(PROBLEM DESCRIPTION): Although the listing below holds pictures, reproduce only its lines from the one containing "FCK - Power - Poster by Hornsleth" through the last, exactly and without them.

(DATASET EXTRACT):
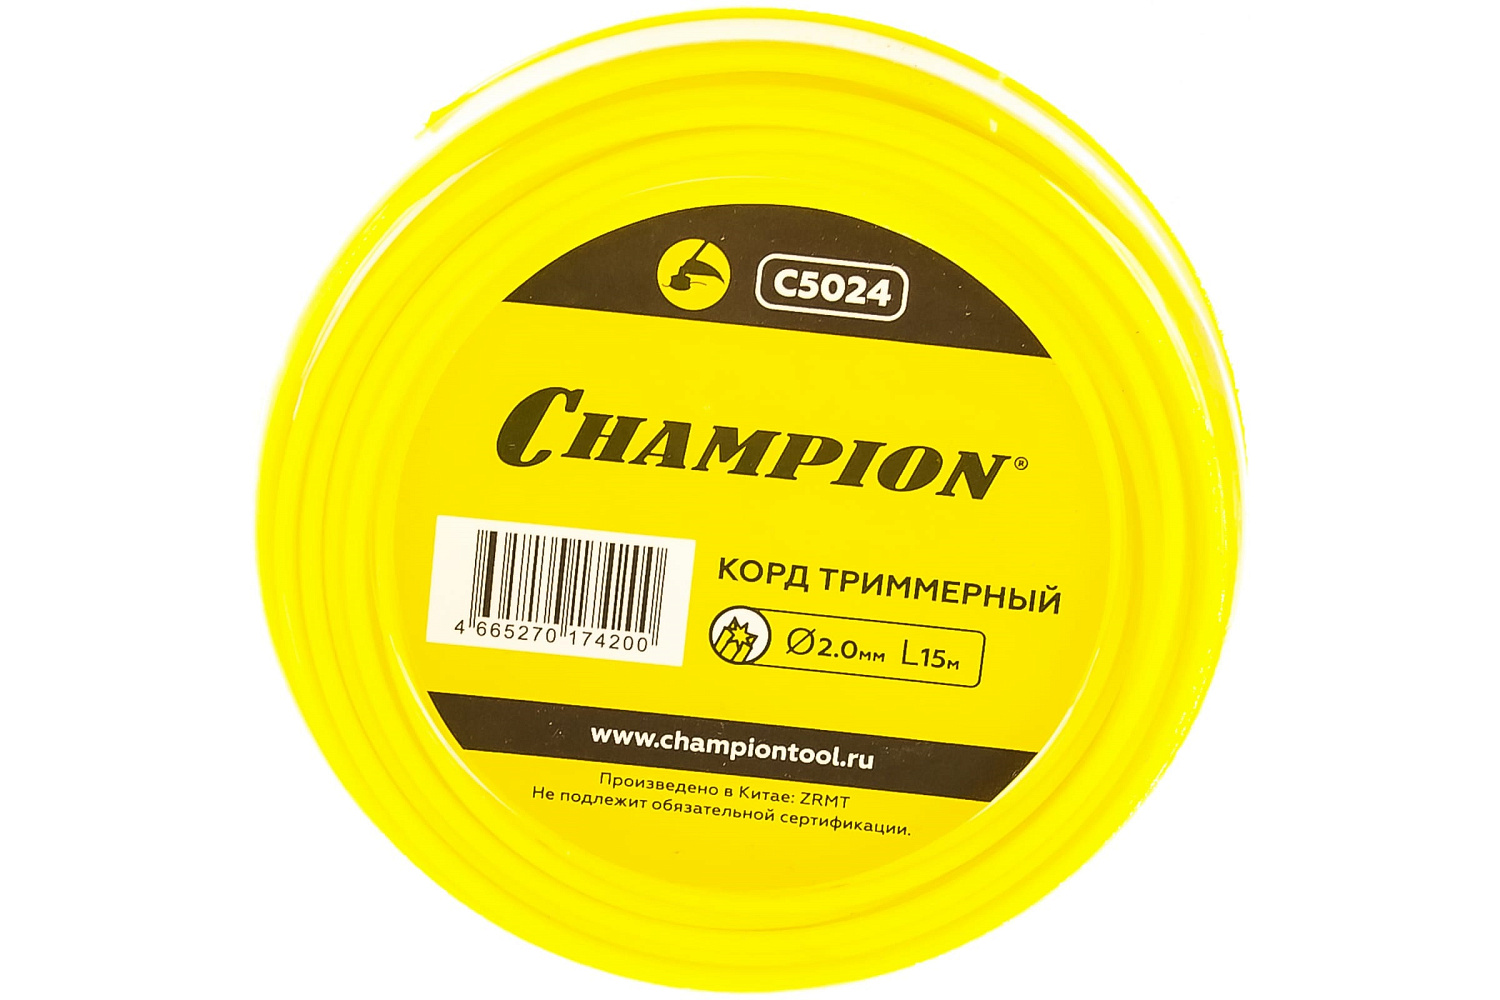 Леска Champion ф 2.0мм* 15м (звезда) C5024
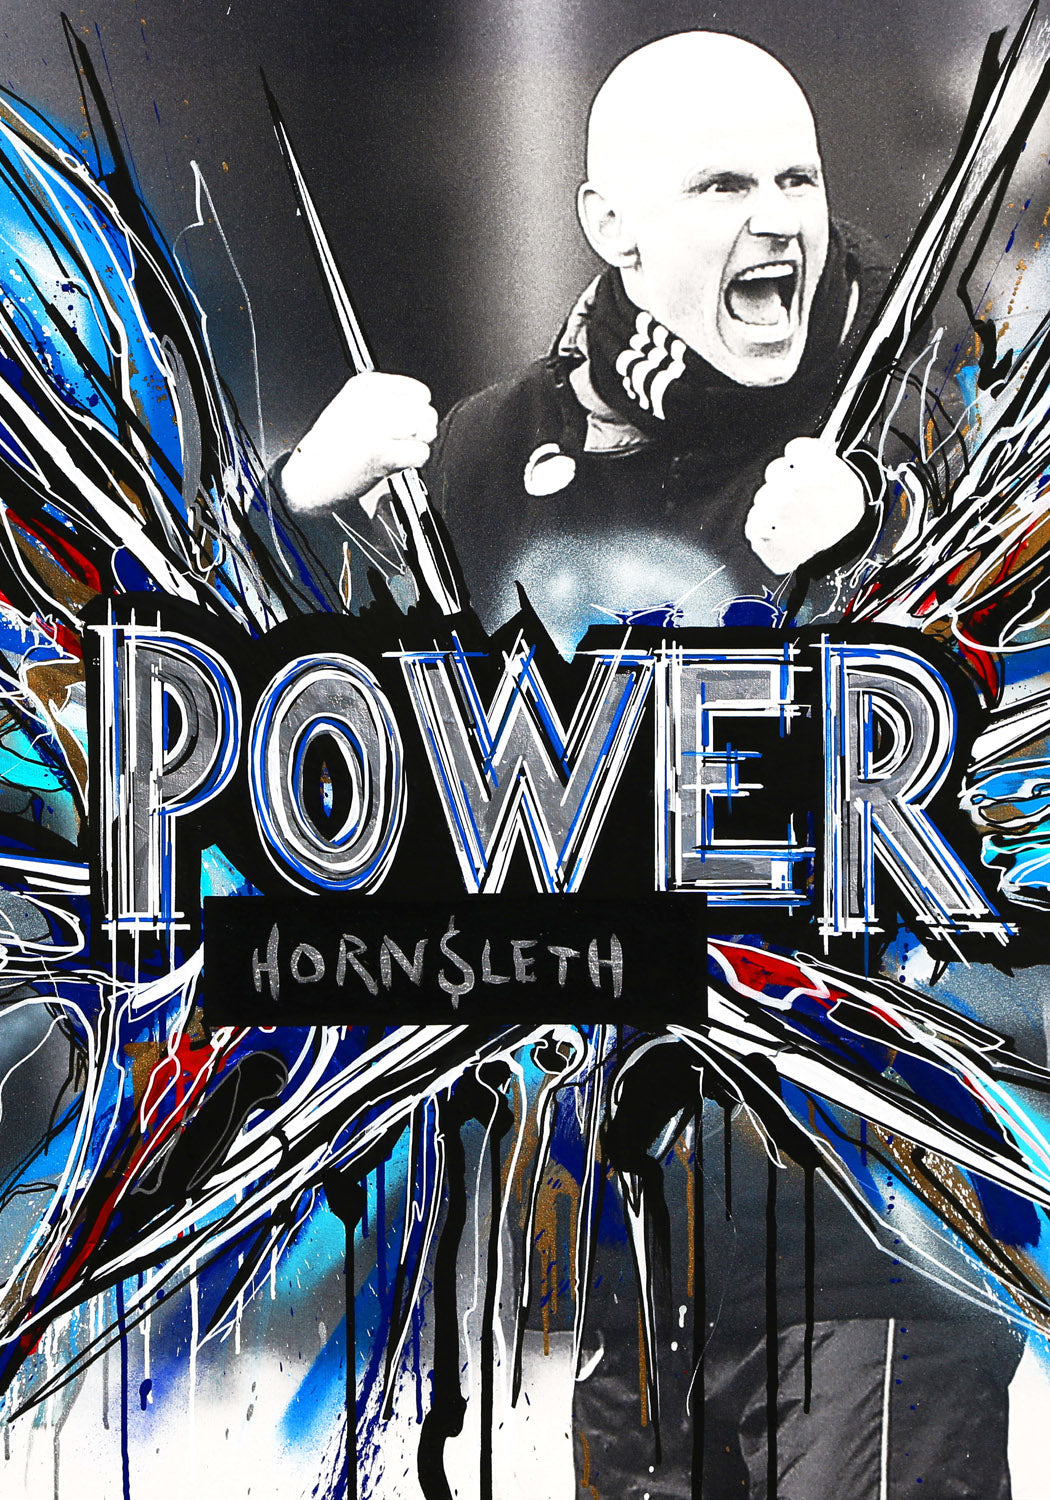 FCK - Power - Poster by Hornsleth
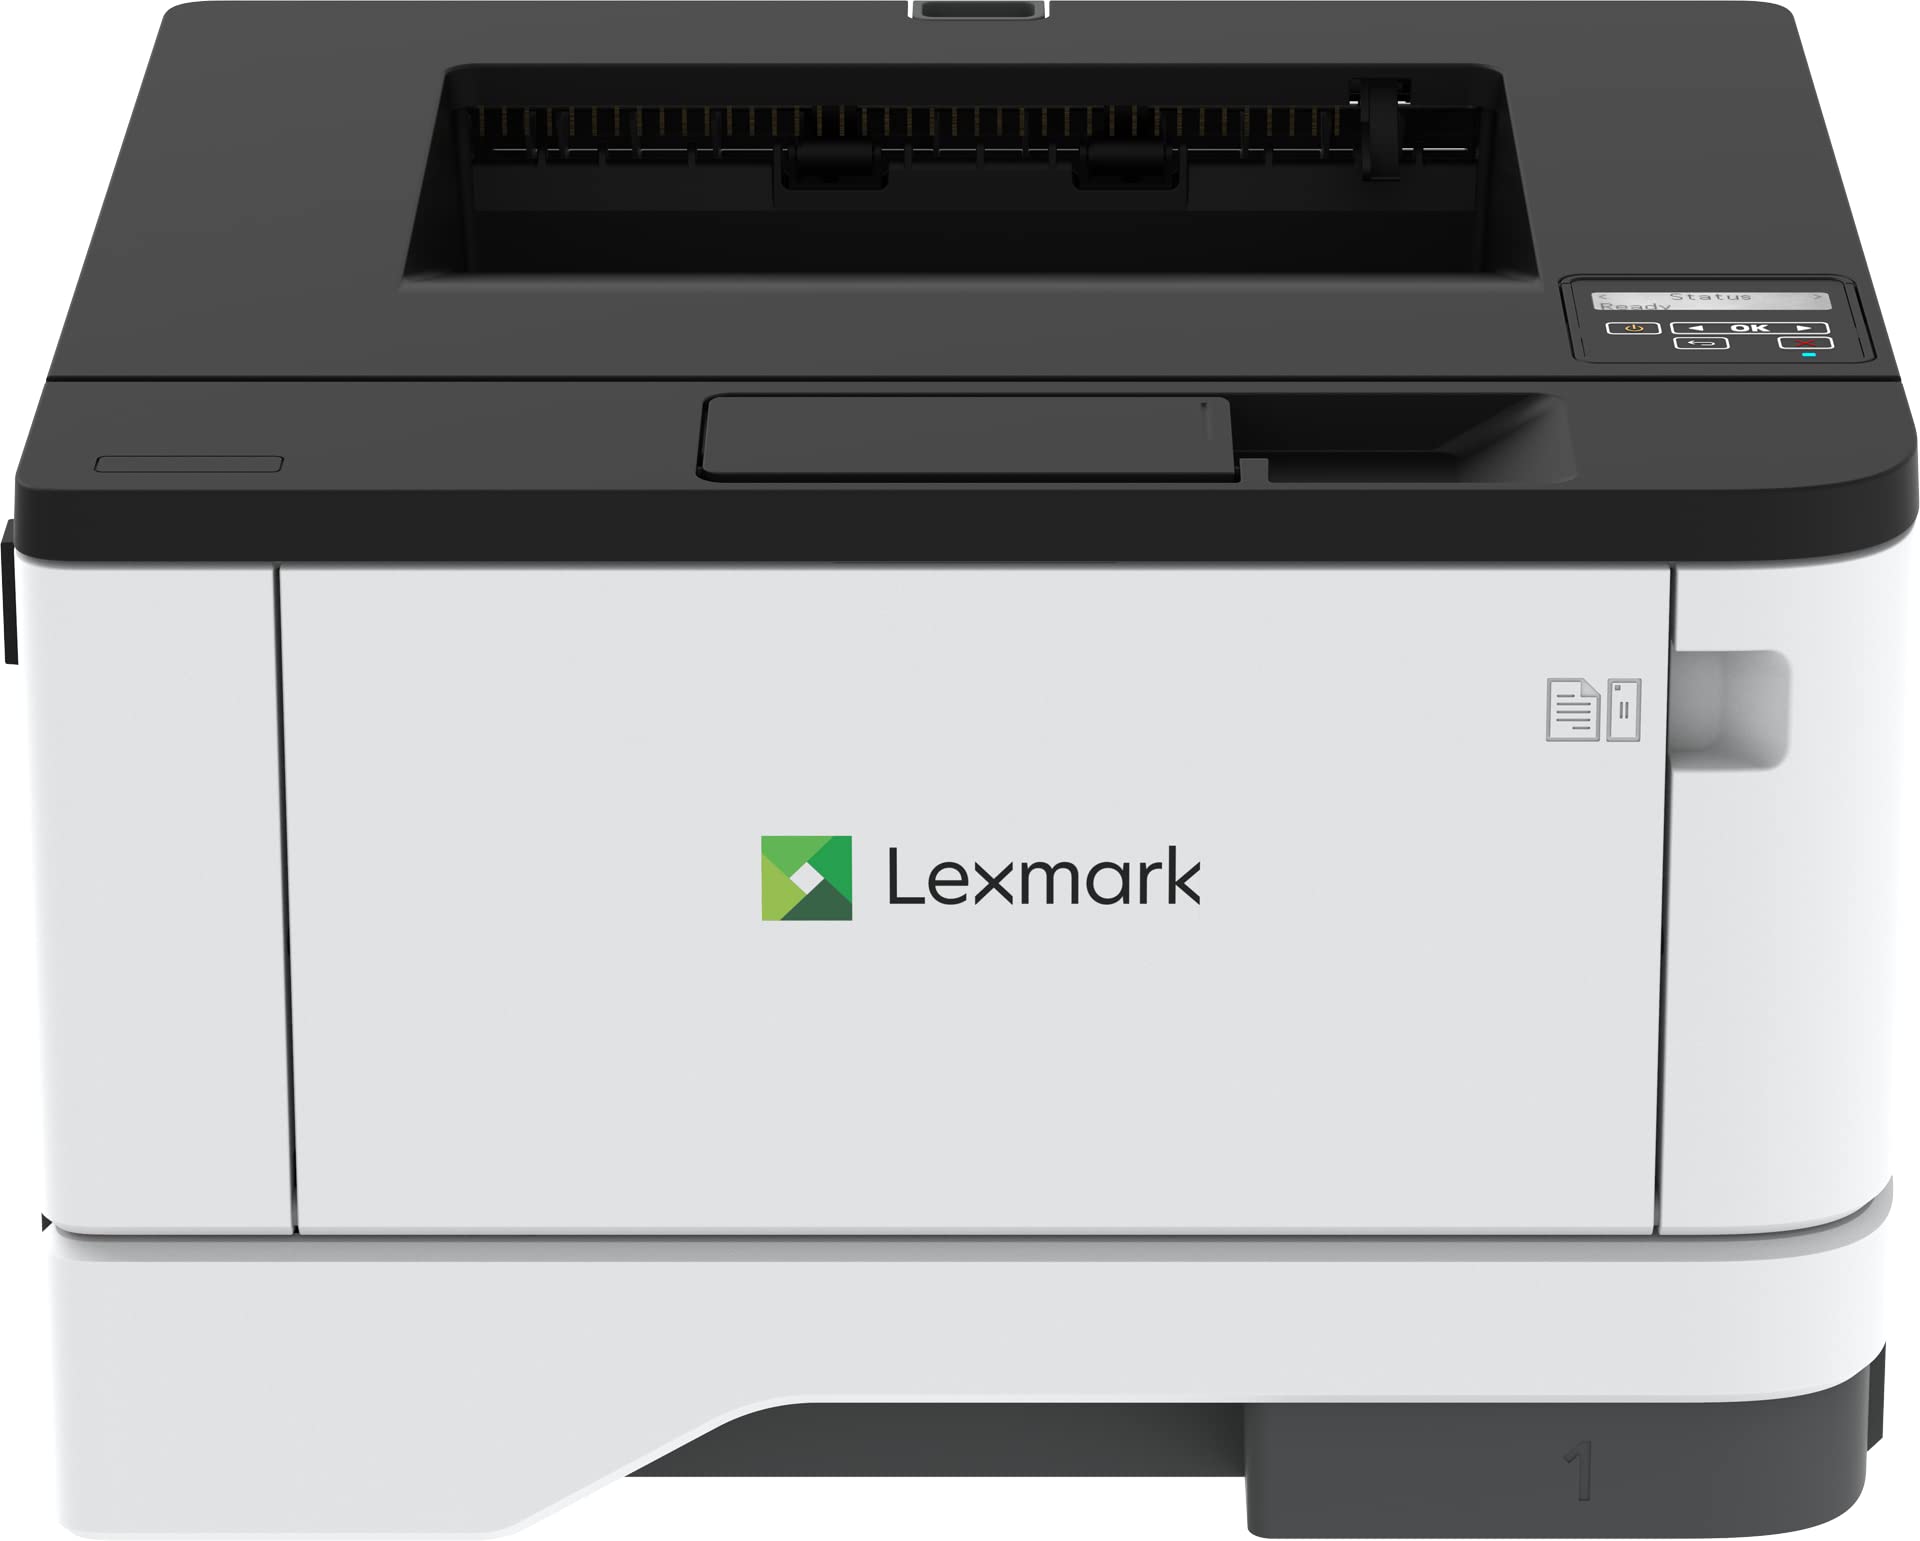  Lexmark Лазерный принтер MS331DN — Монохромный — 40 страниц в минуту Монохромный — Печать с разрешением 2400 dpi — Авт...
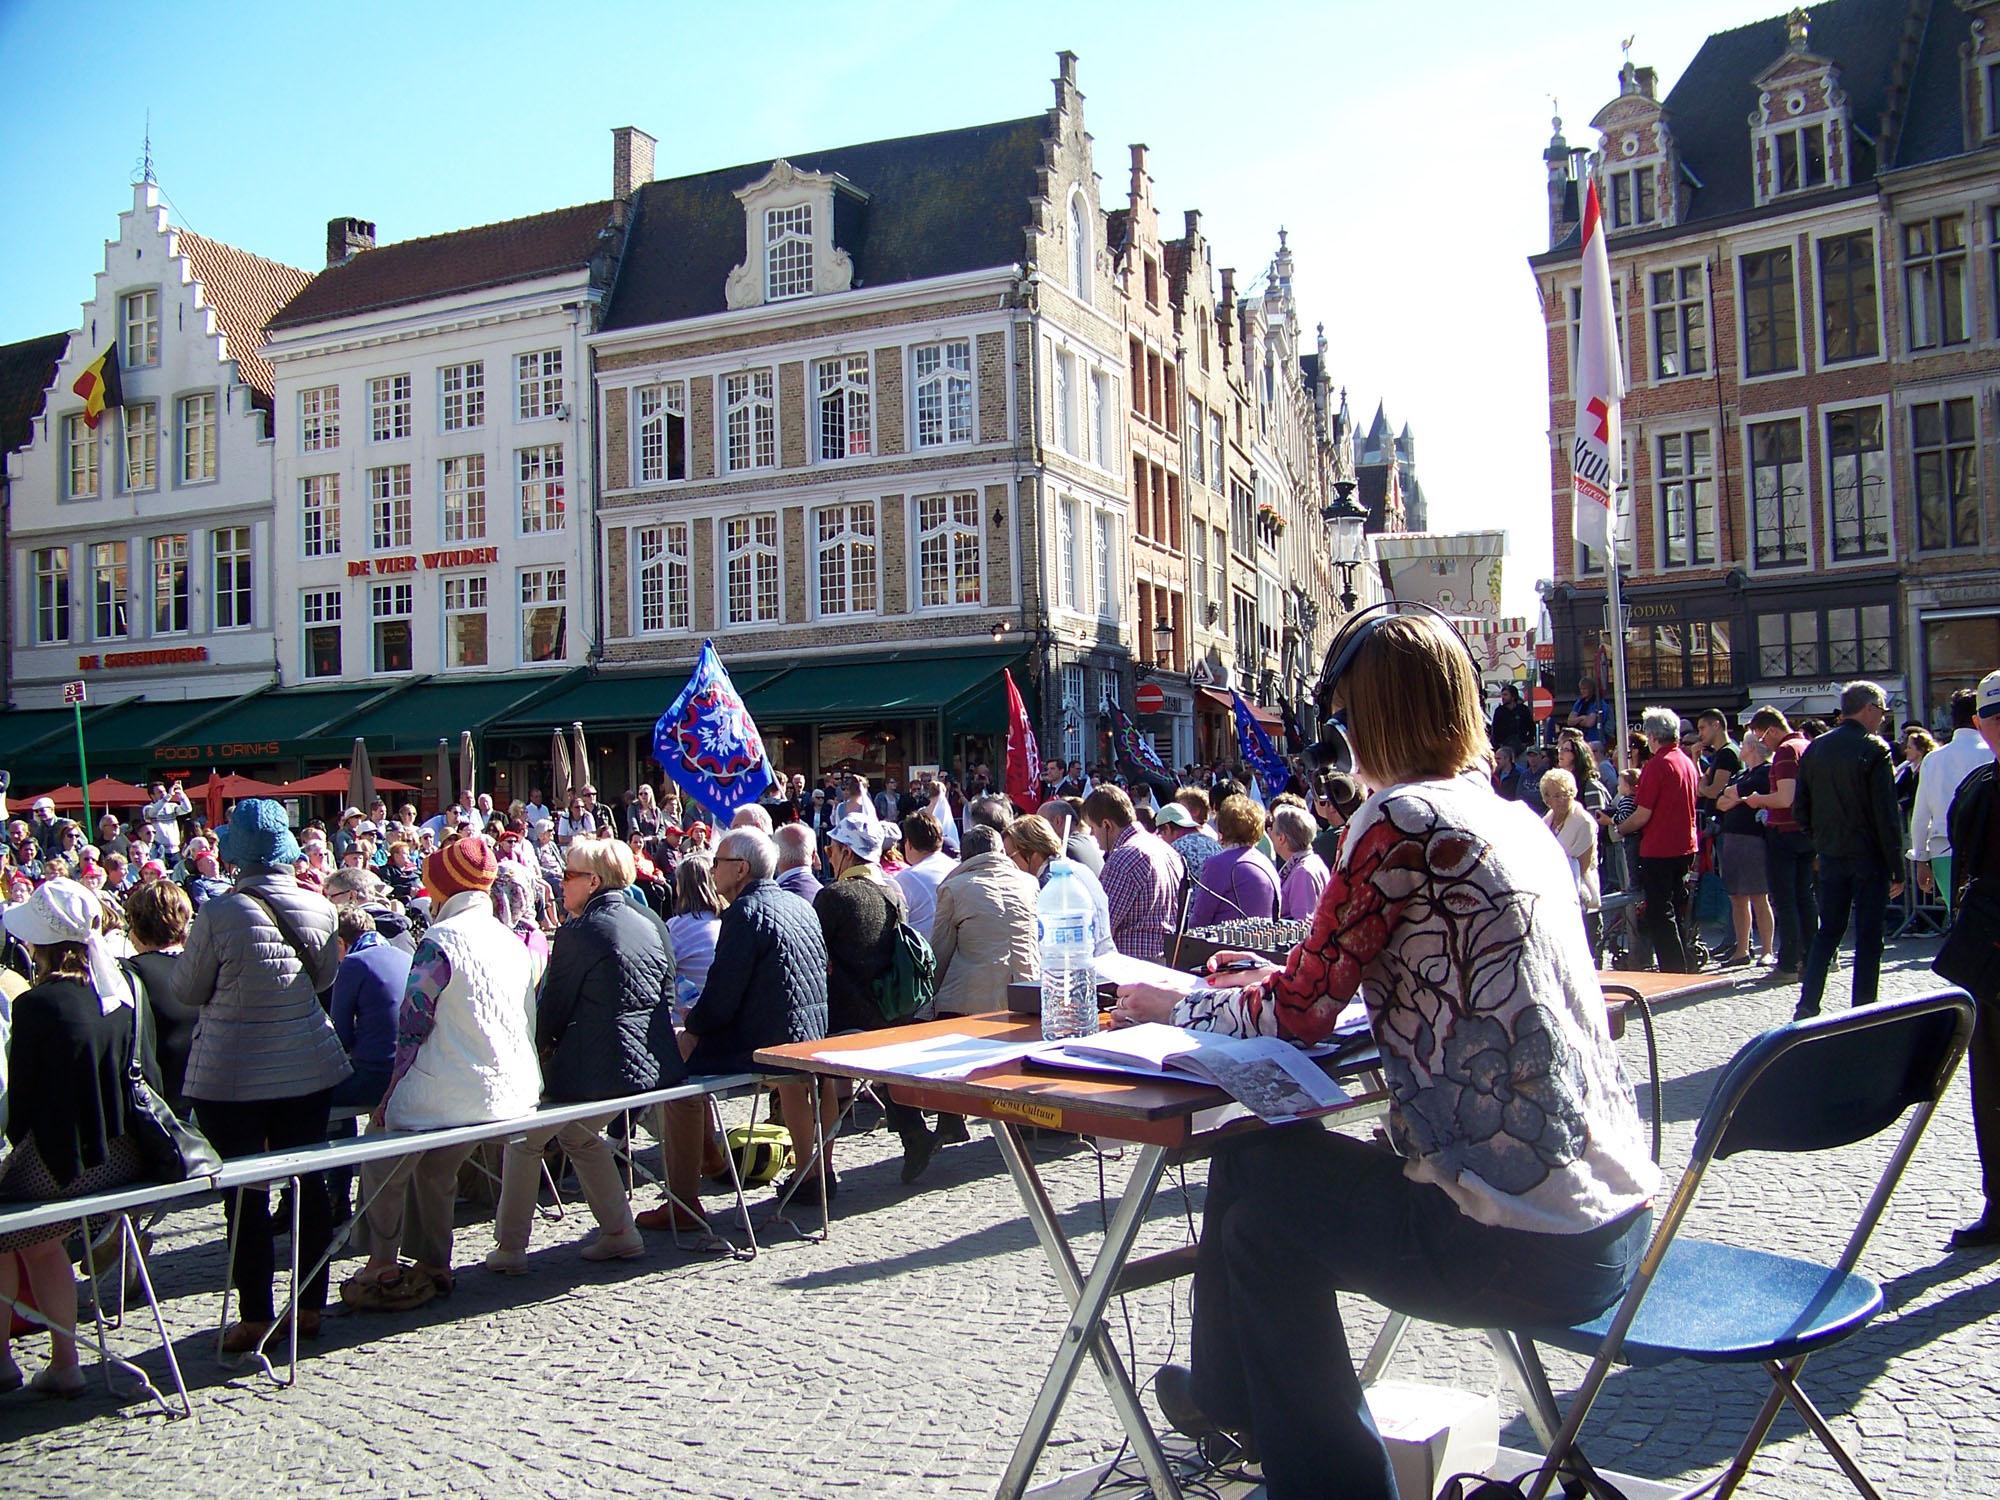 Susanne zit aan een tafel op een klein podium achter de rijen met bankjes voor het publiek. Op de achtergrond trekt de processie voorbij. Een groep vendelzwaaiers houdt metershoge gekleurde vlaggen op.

(REPLY TO THE EXERCISE):
 FCK - Power - Poster by Hornsleth
  Lexmark Лазерный принтер MS331DN — Монохромный — 40 страниц в минуту Монохромный — Печать с разрешением 2400 dpi — Авт...
 Susanne zit aan een tafel op een klein podium achter de rijen met bankjes voor het publiek. Op de achtergrond trekt de processie voorbij. Een groep vendelzwaaiers houdt metershoge gekleurde vlaggen op.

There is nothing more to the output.